> **PROBLEM TO SOLVE**
So that the copy matches the original, write out every entry exactly.

> **MATERIAL SHOWN**
####

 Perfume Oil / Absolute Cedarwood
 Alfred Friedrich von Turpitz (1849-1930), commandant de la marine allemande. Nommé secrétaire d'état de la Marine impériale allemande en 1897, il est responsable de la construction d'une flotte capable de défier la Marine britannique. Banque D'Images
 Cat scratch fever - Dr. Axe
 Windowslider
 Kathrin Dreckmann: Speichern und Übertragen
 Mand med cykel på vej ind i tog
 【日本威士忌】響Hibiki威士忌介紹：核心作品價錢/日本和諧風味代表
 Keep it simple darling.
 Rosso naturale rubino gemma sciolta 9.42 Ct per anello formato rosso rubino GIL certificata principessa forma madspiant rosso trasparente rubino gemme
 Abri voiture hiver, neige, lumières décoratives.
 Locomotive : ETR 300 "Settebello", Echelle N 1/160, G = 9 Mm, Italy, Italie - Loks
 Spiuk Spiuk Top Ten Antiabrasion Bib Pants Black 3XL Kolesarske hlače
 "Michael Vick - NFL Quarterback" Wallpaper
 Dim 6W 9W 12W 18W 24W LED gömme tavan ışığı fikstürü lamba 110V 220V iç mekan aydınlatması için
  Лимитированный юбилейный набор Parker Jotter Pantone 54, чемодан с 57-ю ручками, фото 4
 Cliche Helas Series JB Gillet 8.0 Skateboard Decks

####

> **YOUR SOLUTION**
 Perfume Oil / Absolute Cedarwood
 Alfred Friedrich von Turpitz (1849-1930), commandant de la marine allemande. Nommé secrétaire d'état de la Marine impériale allemande en 1897, il est responsable de la construction d'une flotte capable de défier la Marine britannique. Banque D'Images
 Cat scratch fever - Dr. Axe
 Windowslider
 Kathrin Dreckmann: Speichern und Übertragen
 Mand med cykel på vej ind i tog
 【日本威士忌】響Hibiki威士忌介紹：核心作品價錢/日本和諧風味代表
 Keep it simple darling.
 Rosso naturale rubino gemma sciolta 9.42 Ct per anello formato rosso rubino GIL certificata principessa forma madspiant rosso trasparente rubino gemme
 Abri voiture hiver, neige, lumières décoratives.
 Locomotive : ETR 300 "Settebello", Echelle N 1/160, G = 9 Mm, Italy, Italie - Loks
 Spiuk Spiuk Top Ten Antiabrasion Bib Pants Black 3XL Kolesarske hlače
 "Michael Vick - NFL Quarterback" Wallpaper
 Dim 6W 9W 12W 18W 24W LED gömme tavan ışığı fikstürü lamba 110V 220V iç mekan aydınlatması için
  Лимитированный юбилейный набор Parker Jotter Pantone 54, чемодан с 57-ю ручками, фото 4
 Cliche Helas Series JB Gillet 8.0 Skateboard Decks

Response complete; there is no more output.